Taxon | Name | # Annotations |
4896 | Schizosaccharomyces pombe | 344 |
4932 | Saccharomyces cerevisiae | 4,192 |
6239 | Caenorhabditis elegans | 12,212 |
7227 | Drosophila melanogaster | 91,782 |
7242 | Drosophila sp. | 238 |
7955 | Danio rerio | 3,142 |
9031 | Gallus gallus | 358 |
9606 | Homo sapiens | 102,262 |
9913 | Bos taurus | 804 |
10090 | Mus musculus | 427,275 |
10116 | Rattus norvegicus | 15,432 |
Total | 658,041 |
The PhenoGO database is made publicly accessible through a web portal using Java Server Pages to access an underlying mySQL database at http://www.phenogo.org.
The web portal accommodates simple queries designed to retrieve as much information as possible and complex queries aimed at retrieving specific slices of data. The basic query interface, shown in Figure 2, allows for retrieval according to PubMed ID, gene accession number, gene name, gene description, GO code, GO name, contextual phenotype name, contextual phenotype code, and species.
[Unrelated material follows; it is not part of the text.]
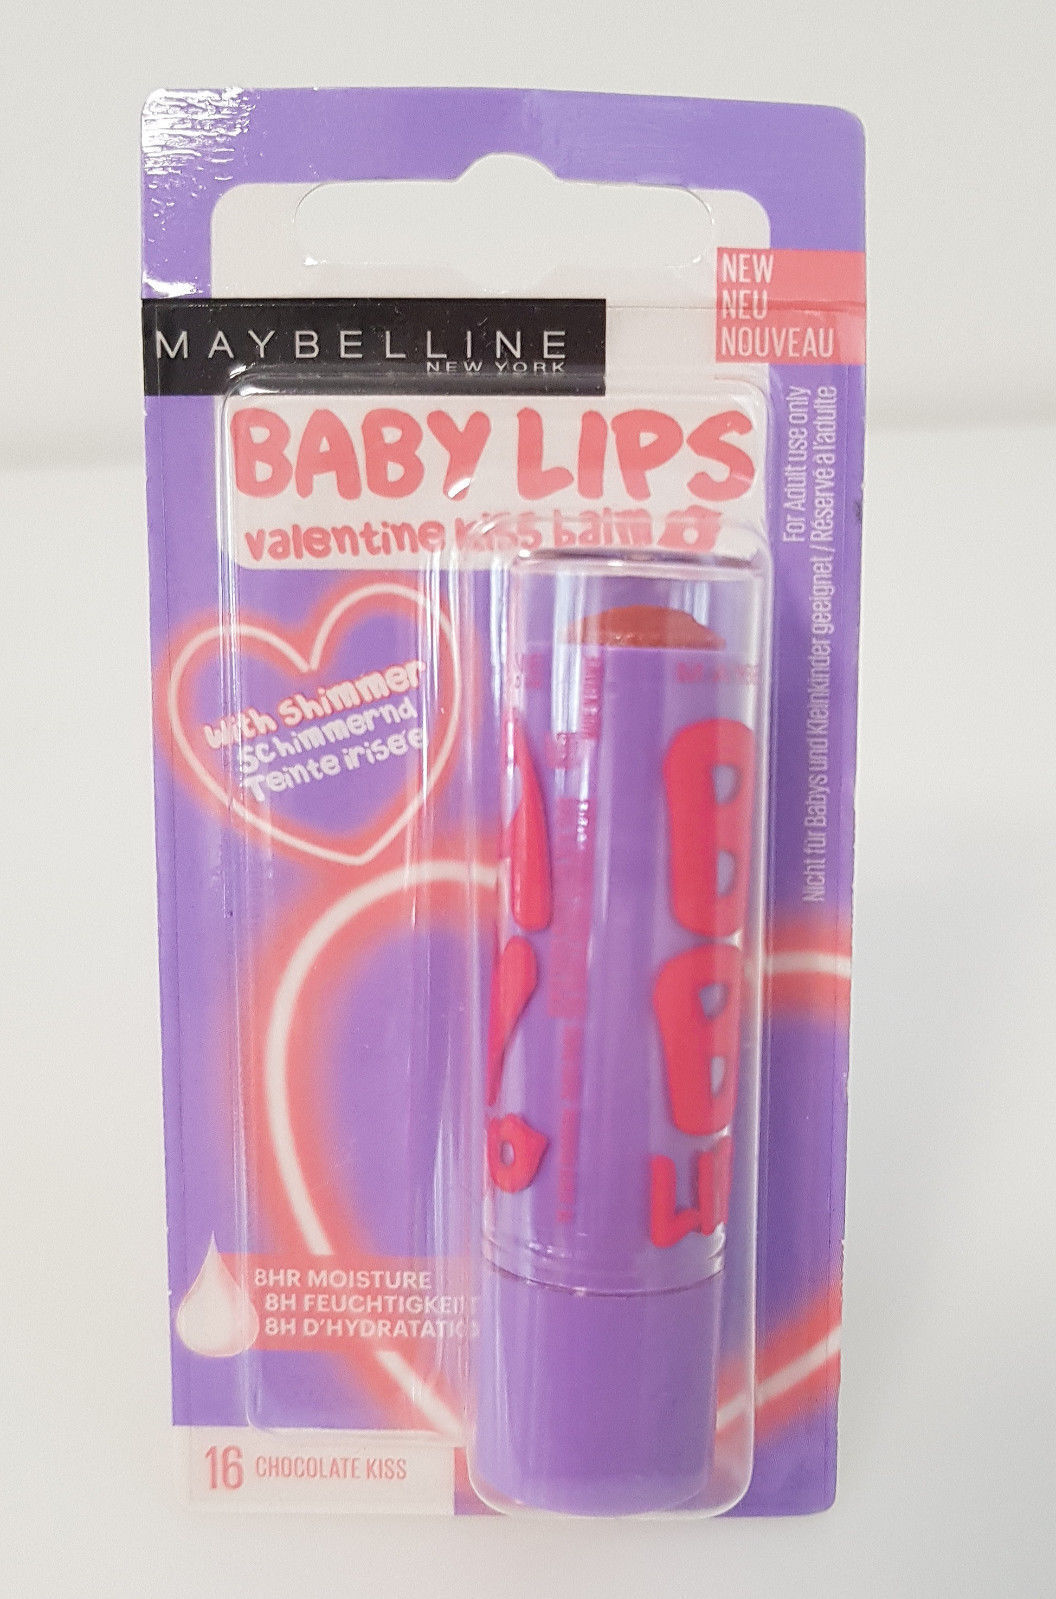 Maybelline Baby Lips  Lippenbalsam Lippenpflege Balsam 16 Chocolate Kiss  Neu
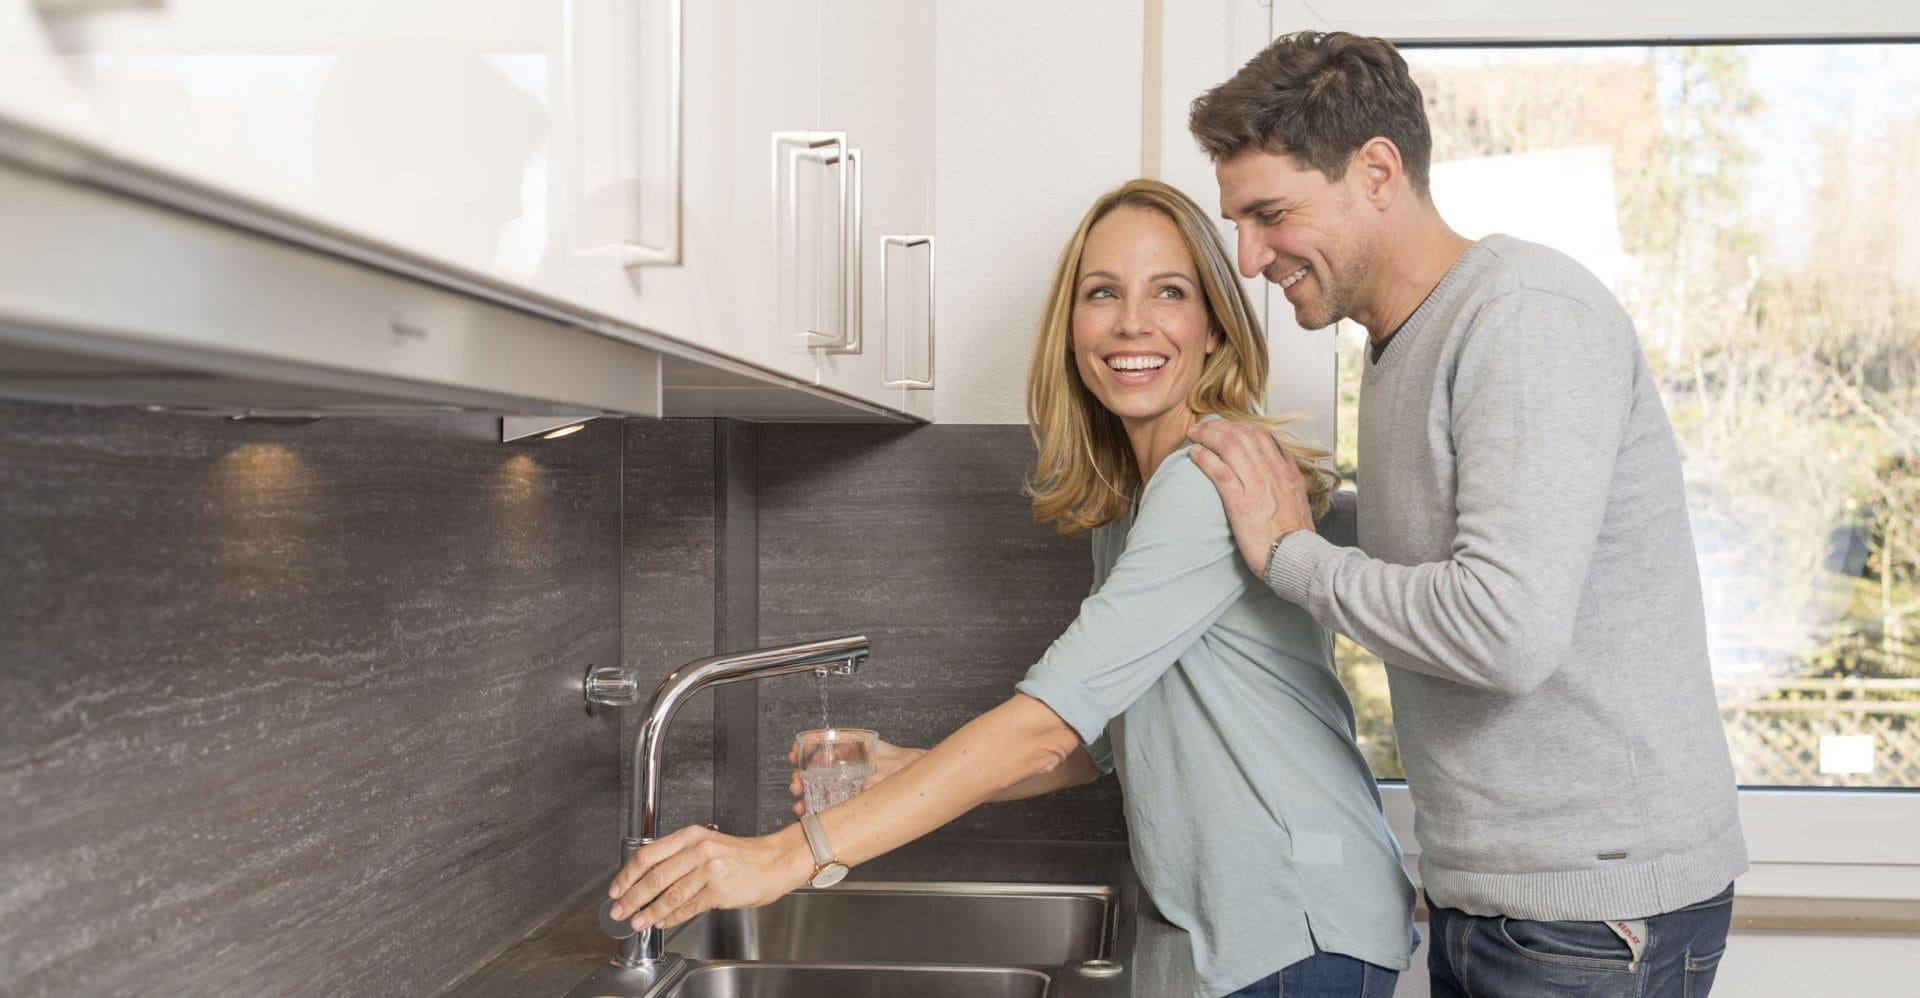 perma-trade permatrade Küche Einbau vital premium und permaquell Mikroplastik Filter

An advanced query interface allows for the recall of entire hierarchies of ontologically associated entries based on GO and phenotypic context codes, as shown in Figure 3. For example, a hierarchical search for GO:0001558 (regulation of cell growth) will also search for annotations related to GO:0030308 (negative regulation of cell growth), GO:0030307 (positive regulation of cell growth), GO:0001559 (regulation of cell growth by detection of nuclear:cytoplasmic ratio), GO:0001560 (regulation of cell growth by extracellular stimulus), and GO:0051510 (regulation of unidimensional cell growth). This is shown in Figure 4.
Resulting data is available in the form of formatted HTML or tab-delimited text output for computational use. This interface exposes the entirety of the database for export into a computational study unlike many other resources, which lack support for large-scale data export. Furthermore, download of the entire dataset as a single file is available from the website.
Methods
The addition of ten additional species to the database was done using the existing PhenoGO data extraction pipeline. Gene Ontology annotations for Schizosaccharomyces pombe, Saccharomyces cerevisiae, Caenorhabditis elegans, Drosophila melanogaster, Danio rerio, Gallus gallus, Homo sapiens, Bos taurus, Mus musculus, and Rattus norvegicus were downloaded from the current annotations section of the Gene Ontology website at http://geneontology.org. Phenotypic associations were made using a combination of methods utilizing natural language processing and computational terminology approaches. The natural language processing approach applied the BioMedLEE NLP engine [25] to derive annotated lists of genes, their related GO terms, and phenotypic associations given a list of PubMed abstracts. Additional mappings are derived using the existing MeSH annotations found in abstracts. The resultant output was then processed with the PhenOS system, yielding the final gene-GO-phenotype entries. The method is described in detail in [29].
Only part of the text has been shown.